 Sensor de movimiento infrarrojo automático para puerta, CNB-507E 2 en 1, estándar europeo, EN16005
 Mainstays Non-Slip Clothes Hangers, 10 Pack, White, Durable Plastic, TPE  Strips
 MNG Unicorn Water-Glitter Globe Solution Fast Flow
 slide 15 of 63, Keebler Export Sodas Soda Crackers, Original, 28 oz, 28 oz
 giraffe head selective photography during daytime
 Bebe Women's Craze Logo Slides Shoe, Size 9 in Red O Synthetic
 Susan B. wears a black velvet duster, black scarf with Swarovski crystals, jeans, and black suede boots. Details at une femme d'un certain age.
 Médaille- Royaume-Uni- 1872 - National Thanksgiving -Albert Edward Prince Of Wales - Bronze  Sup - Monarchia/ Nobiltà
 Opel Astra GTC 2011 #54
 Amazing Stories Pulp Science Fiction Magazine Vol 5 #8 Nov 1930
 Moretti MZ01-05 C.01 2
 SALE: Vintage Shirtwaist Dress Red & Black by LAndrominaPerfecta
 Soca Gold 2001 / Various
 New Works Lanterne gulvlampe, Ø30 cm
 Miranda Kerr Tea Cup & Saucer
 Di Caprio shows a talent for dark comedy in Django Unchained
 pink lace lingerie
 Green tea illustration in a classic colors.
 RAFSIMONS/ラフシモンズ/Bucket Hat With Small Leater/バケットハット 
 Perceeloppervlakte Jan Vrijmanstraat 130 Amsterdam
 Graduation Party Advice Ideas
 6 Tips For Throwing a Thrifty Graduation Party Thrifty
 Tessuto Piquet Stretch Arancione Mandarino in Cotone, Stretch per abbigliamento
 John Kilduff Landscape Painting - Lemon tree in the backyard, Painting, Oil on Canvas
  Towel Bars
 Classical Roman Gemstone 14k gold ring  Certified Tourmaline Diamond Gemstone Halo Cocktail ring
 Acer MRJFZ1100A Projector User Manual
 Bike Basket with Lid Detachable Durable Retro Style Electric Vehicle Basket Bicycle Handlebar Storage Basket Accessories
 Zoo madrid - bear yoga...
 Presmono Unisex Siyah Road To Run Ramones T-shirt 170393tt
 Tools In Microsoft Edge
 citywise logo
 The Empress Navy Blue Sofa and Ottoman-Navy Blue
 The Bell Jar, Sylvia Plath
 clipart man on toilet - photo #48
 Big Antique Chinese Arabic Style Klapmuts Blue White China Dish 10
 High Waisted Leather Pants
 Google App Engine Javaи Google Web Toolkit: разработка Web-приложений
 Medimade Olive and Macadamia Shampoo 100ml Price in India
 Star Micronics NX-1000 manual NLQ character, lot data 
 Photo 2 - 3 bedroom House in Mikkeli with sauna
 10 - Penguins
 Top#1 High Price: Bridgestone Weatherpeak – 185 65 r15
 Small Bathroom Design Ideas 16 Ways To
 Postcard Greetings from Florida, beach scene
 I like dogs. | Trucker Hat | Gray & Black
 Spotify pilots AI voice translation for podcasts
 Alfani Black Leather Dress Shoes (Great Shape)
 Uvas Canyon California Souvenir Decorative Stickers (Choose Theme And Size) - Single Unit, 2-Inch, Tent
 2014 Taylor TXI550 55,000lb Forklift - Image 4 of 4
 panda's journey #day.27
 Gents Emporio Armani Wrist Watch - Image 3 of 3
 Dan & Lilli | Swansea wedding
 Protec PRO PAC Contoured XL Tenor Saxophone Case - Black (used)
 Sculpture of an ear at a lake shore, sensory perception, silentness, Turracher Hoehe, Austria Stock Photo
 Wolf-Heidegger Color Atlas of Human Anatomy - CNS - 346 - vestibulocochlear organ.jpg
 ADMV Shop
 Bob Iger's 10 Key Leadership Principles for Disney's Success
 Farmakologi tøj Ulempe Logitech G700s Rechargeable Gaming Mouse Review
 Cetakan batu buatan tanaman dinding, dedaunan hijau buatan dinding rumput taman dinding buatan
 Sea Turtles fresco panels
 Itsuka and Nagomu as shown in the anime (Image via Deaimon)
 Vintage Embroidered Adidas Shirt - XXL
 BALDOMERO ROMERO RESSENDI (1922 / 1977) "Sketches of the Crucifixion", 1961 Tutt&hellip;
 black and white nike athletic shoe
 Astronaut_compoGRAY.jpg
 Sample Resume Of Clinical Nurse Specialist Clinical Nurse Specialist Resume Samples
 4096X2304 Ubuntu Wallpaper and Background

================================

__Exercise directions__: What lines of the material above hold the string "Size"? Please copy them.

__Task response__:
 Bebe Women's Craze Logo Slides Shoe, Size 9 in Red O Synthetic
 Uvas Canyon California Souvenir Decorative Stickers (Choose Theme And Size) - Single Unit, 2-Inch, Tent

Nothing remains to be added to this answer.